As shown above, I'm not sure if bash is necessary? (the images + tags input feature has been available prior to this issue being opened, so it's nothing new)

Is this just an issue regarding documentation for awareness? Or have I missed something important where that functionality is not served by docker/metadata-action?

EDIT: If I understand correctly, the concern is not copying between registries with docker/metadata-action tags output, but when the repository in the tags input for docker/build-push-action differs?

---

Do we need to have a common share library that all of them can pull from, for example, so that we don't need to maintain CI and dev tooling, helper functions, dependabot alerts etc, across multiple repos?

For reference, to anyone unaware since this was brought up here, later in Jan 2023 docker/actions-toolkit was created and docker/build-push-action adopted that in Feb 2023. That seems to be addressing the quoted concern.

[akhilerm]

The issue being resolved is more to do with pushing to a registry when the repository of the image name differs?

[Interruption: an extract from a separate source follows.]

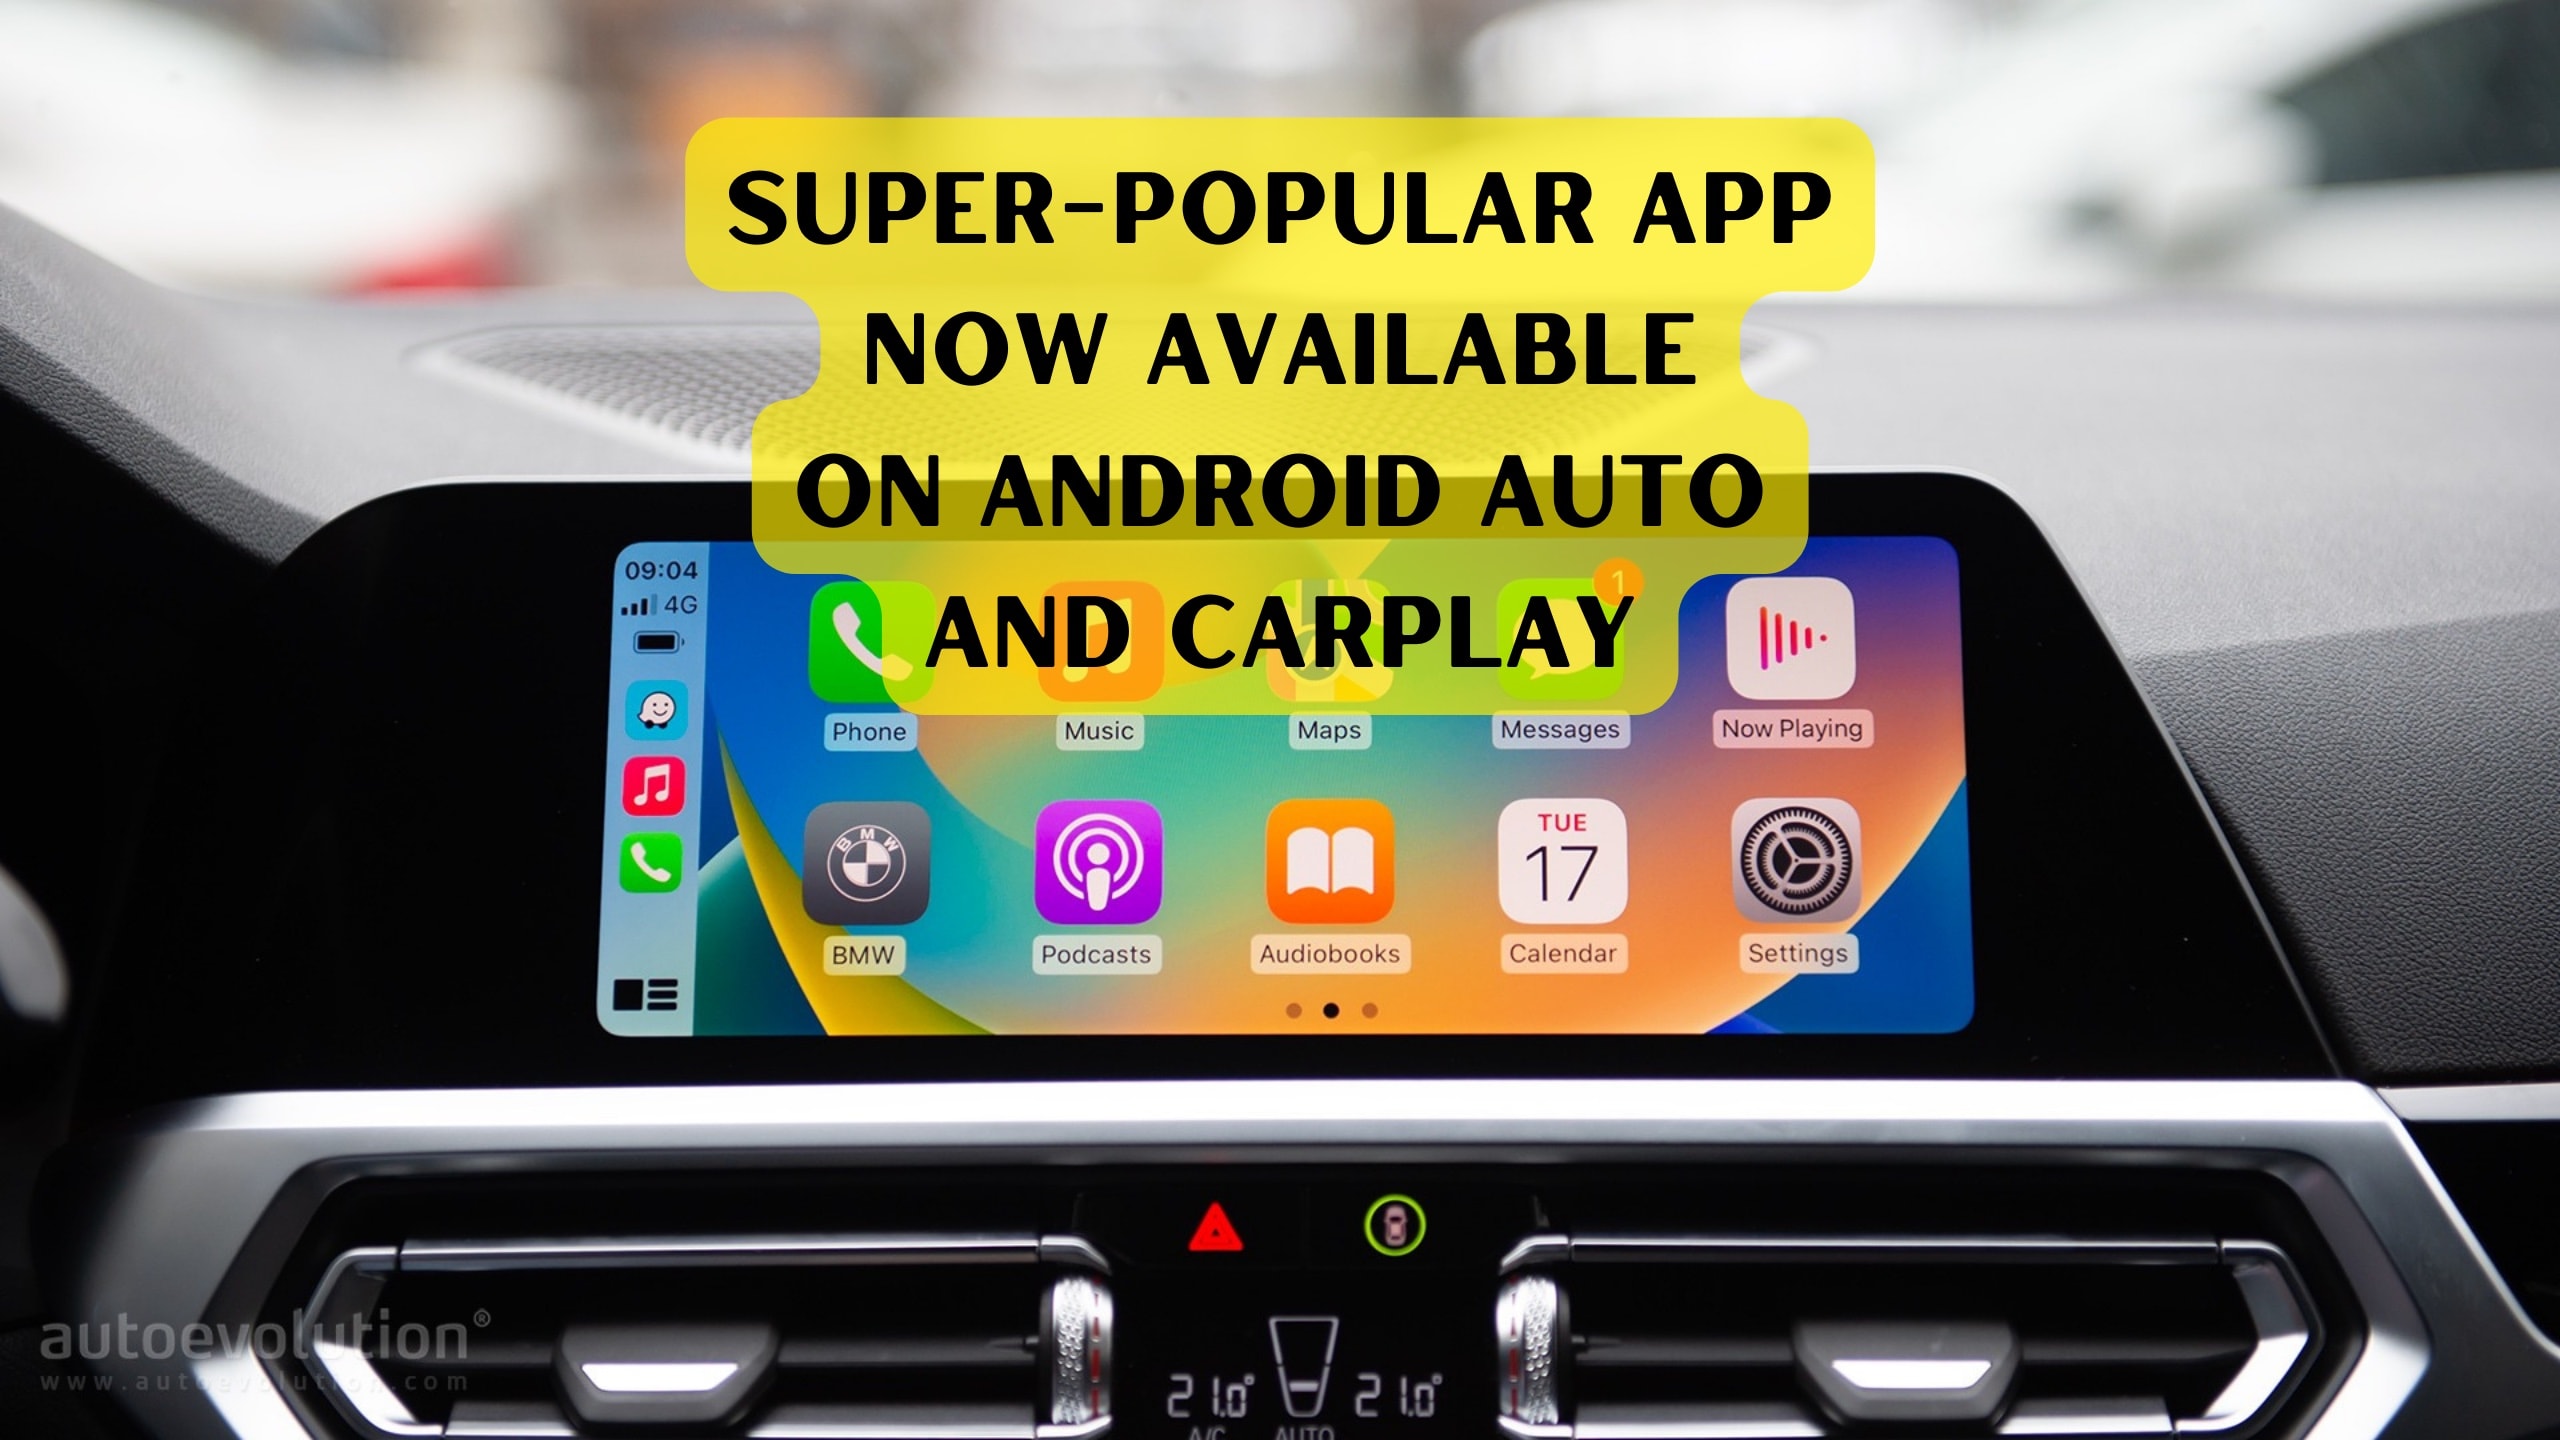 A popular new app is now available on Android Auto and CarPlay

The issue is to push one image to multiple registries at the same time. Or to create images with different tags. Suppose an image is available in docker.io, I want to push it to multiple registries like gcr.io or ghcr.io . You can basically say its to copy images that are already available from one registry to another.

EDIT: If I understand correctly, the concern is not copying between registries with docker/metadata-action tags output, but when the repository in the tags input for docker/build-push-action differs?

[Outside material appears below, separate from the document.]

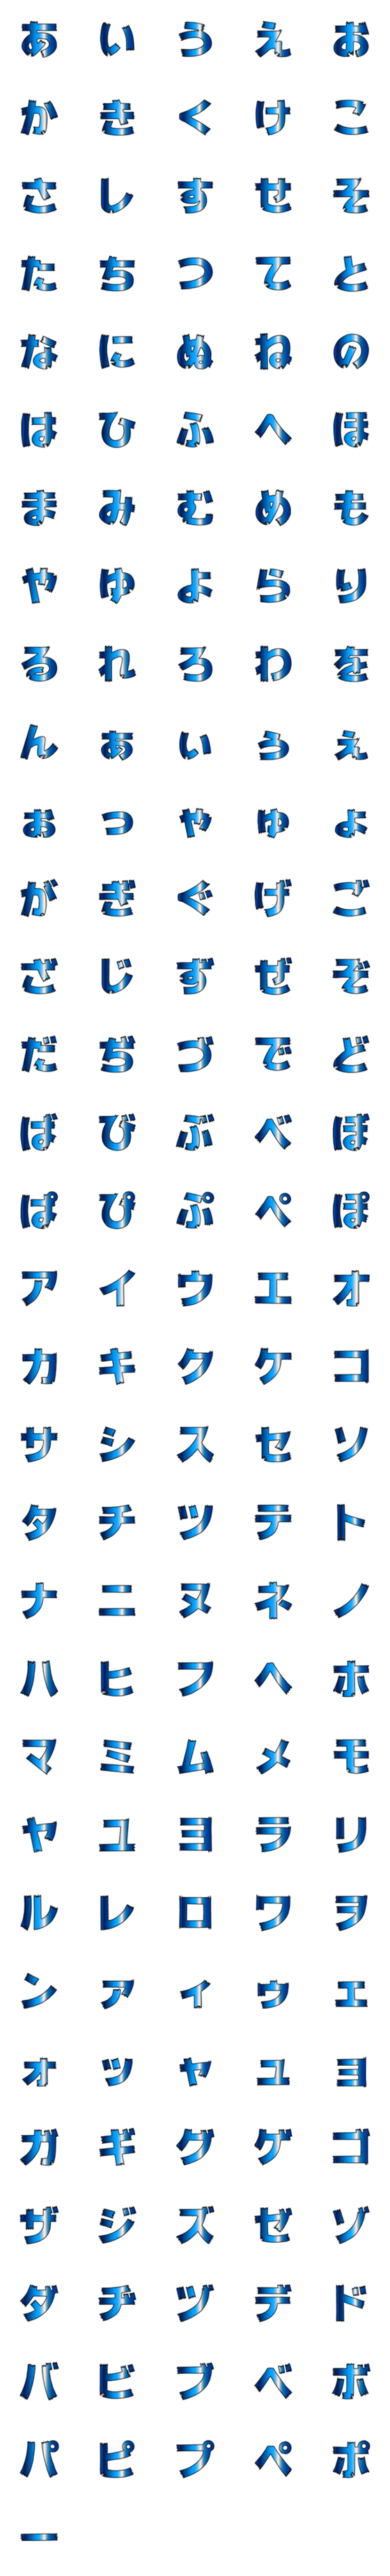 [LINE絵文字]aall-金ピカデコ文字 メタル青-かなカナの画像一覧

Currently build-push-action supports pushing to multiple registries immediately after doing the build. i.e in the same step itself. But suppose a scenario like this happens: We have an image that is built and stored in local registry. After some testing, we need to push it to multiple other registries from which the image is published.

As shown above, I'm not sure if bash is necessary? (the images + tags input feature has been available prior to this issue being opened, so it's nothing new)

This feature request is not for changes to build-push-action, but create a new action for the functionality mentioned here. Currently its achieved using bash. If we can create a new action for the same, it will help to integrate with other tooling also.

[crazy-max]

Let's continue the discussion in docker/actions-toolkit#239. After that being implemented, we could consider a new action to handle imagetools command.